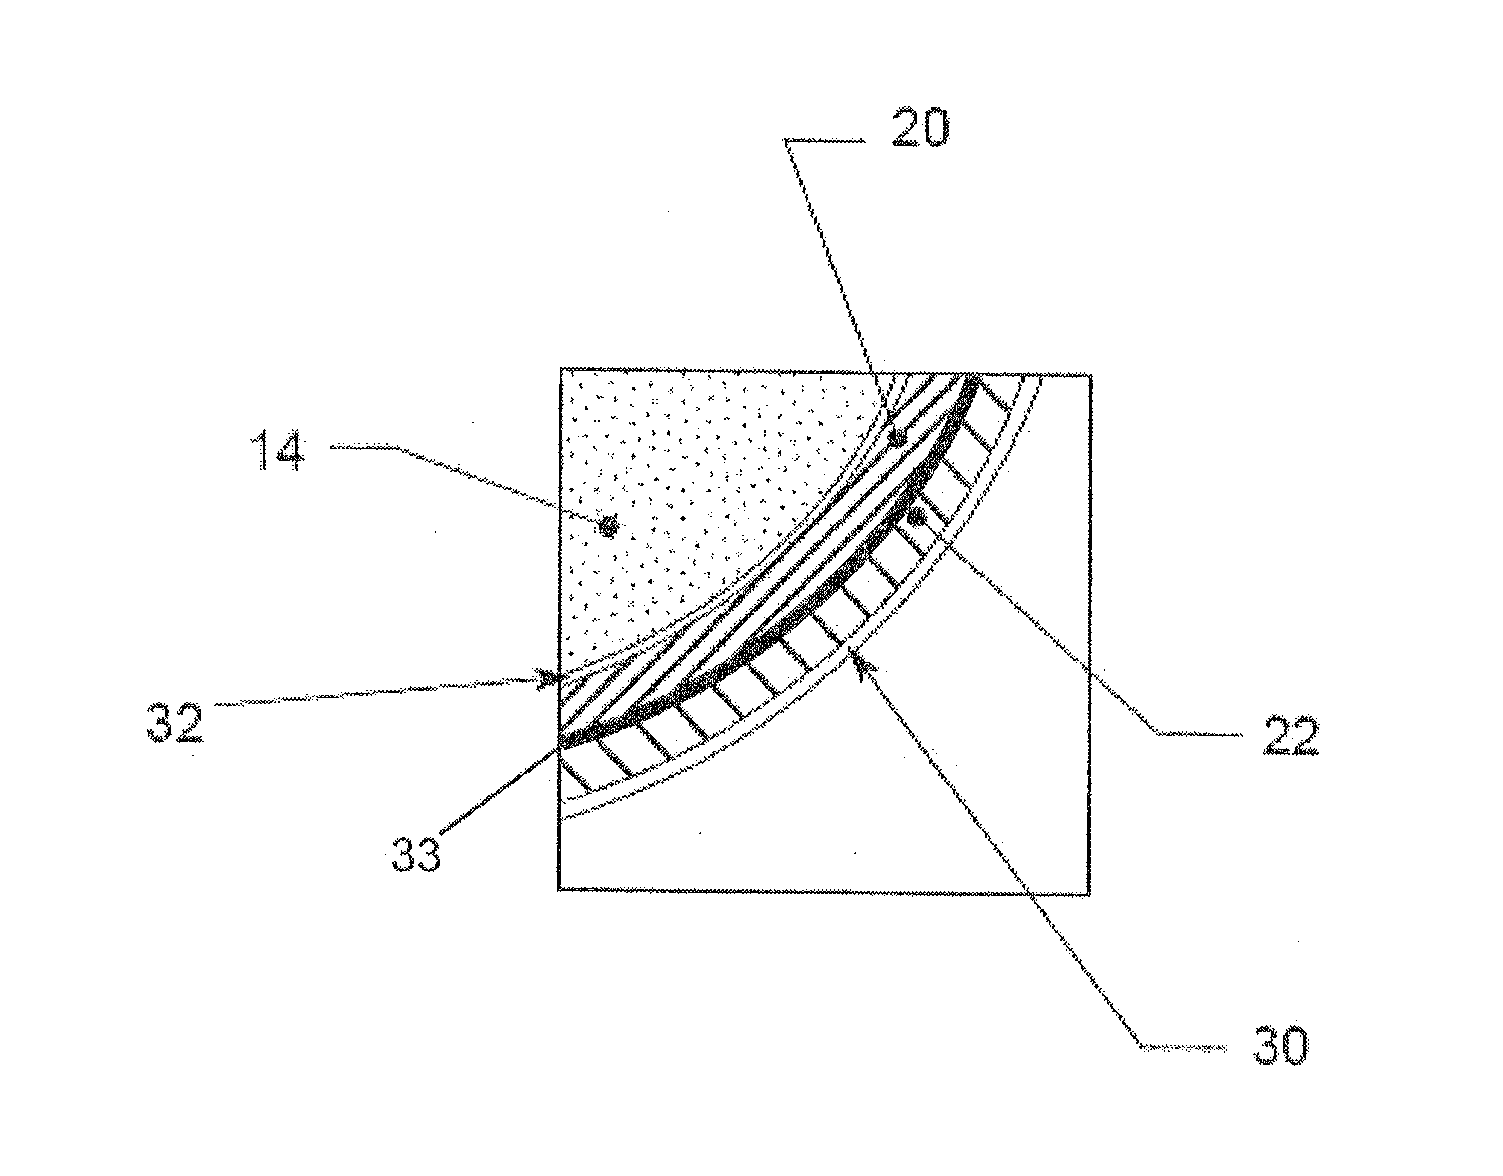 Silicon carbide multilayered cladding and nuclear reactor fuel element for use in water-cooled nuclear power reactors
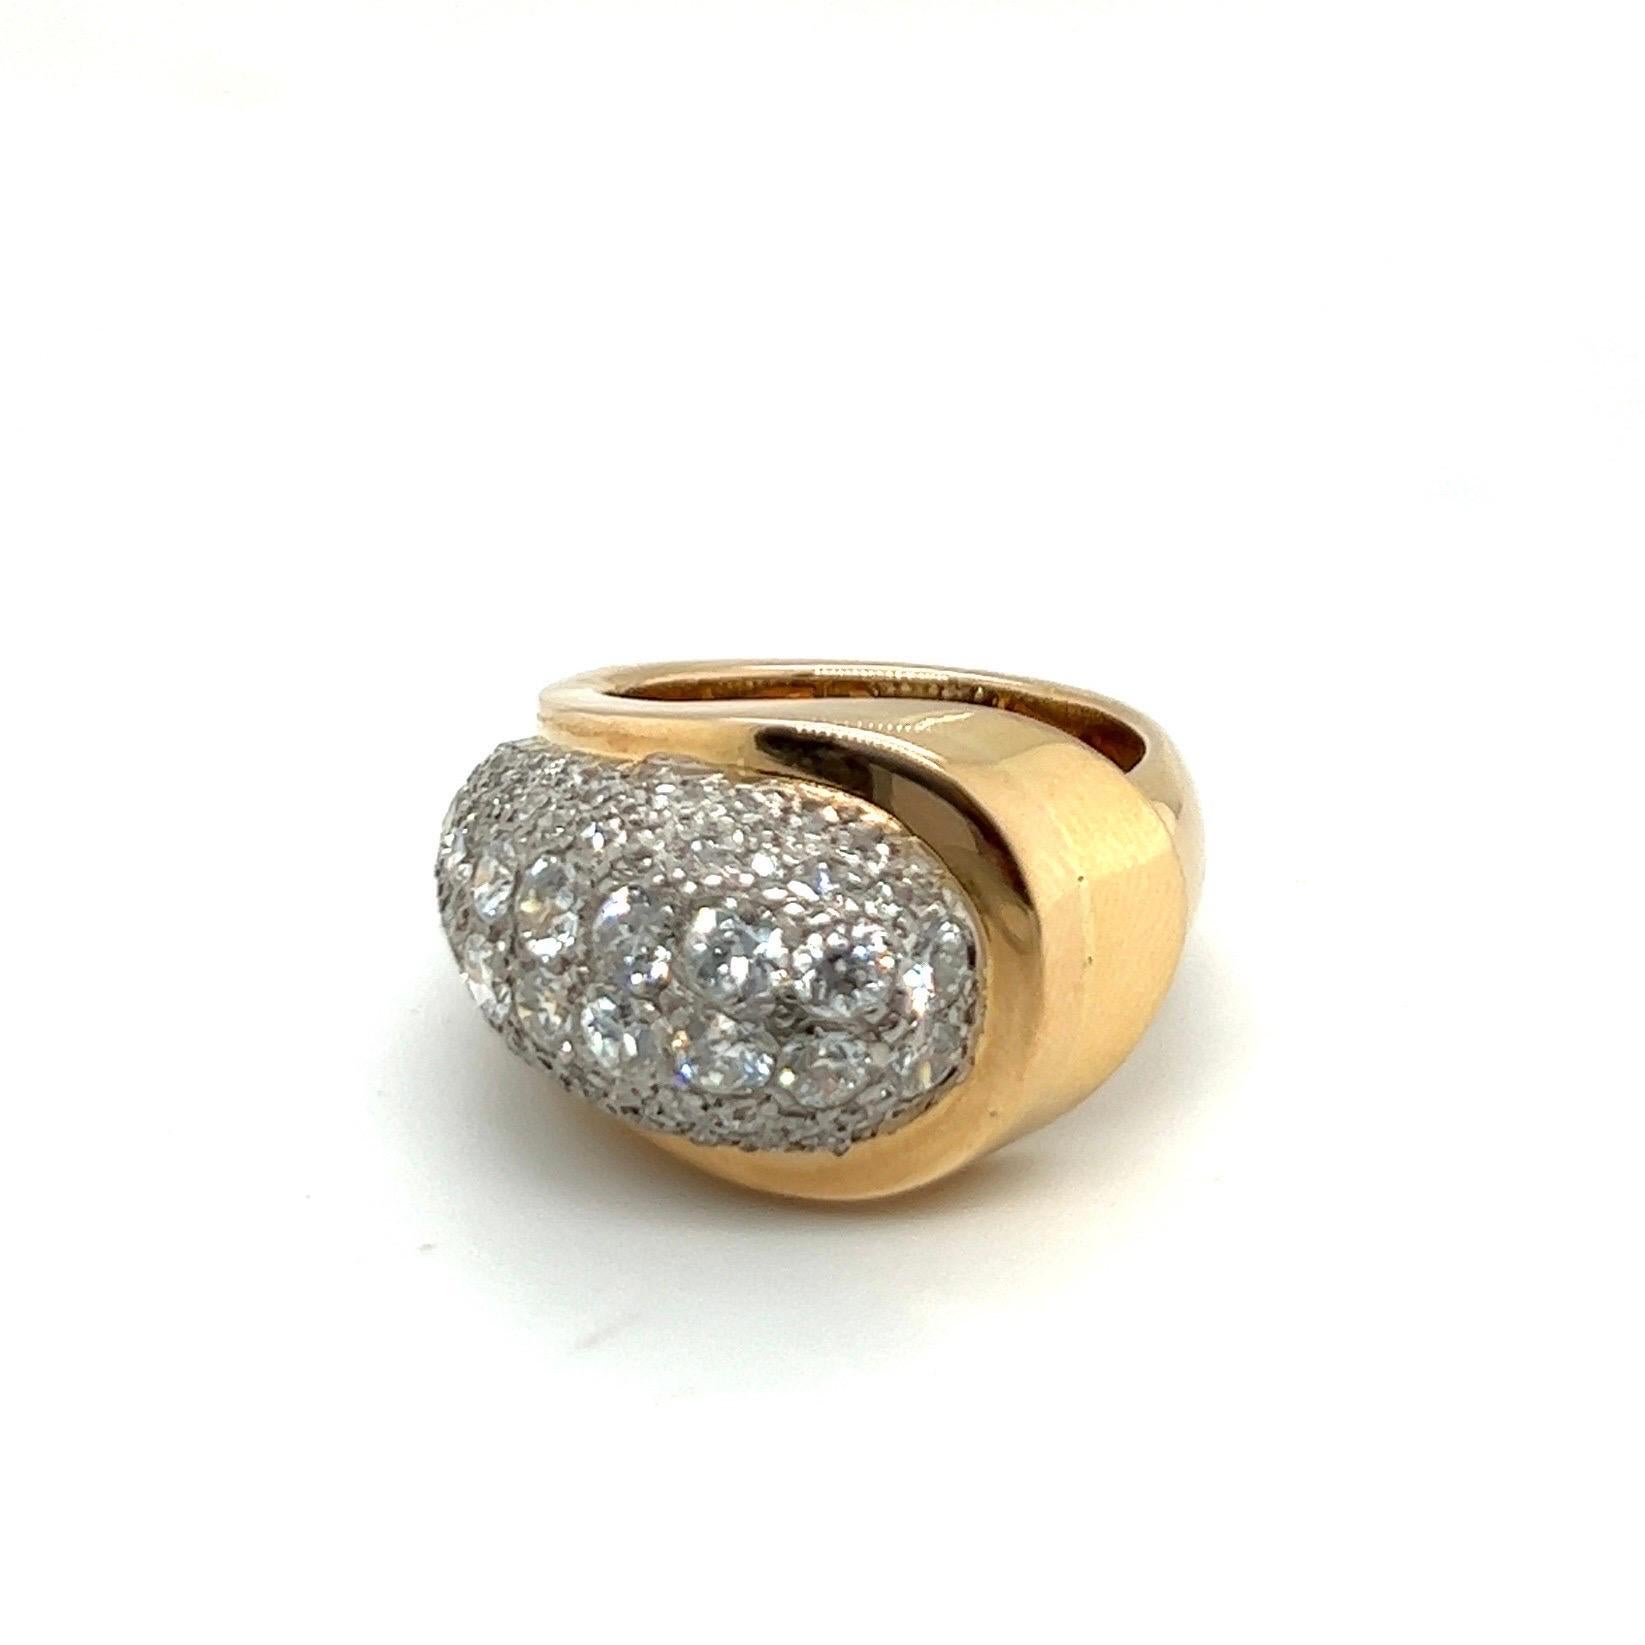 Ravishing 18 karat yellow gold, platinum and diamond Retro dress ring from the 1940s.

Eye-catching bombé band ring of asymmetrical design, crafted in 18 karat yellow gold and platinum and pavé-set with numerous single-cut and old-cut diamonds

##########

# The task:
Please reprint the whole listing exactly and omit its pictures.

# Solution:
 Silicon carbide multilayered cladding and nuclear reactor fuel element for use in water-cooled nuclear power reactors
 Ravishing 18 karat yellow gold, platinum and diamond Retro dress ring from the 1940s.

Eye-catching bombé band ring of asymmetrical design, crafted in 18 karat yellow gold and platinum and pavé-set with numerous single-cut and old-cut diamonds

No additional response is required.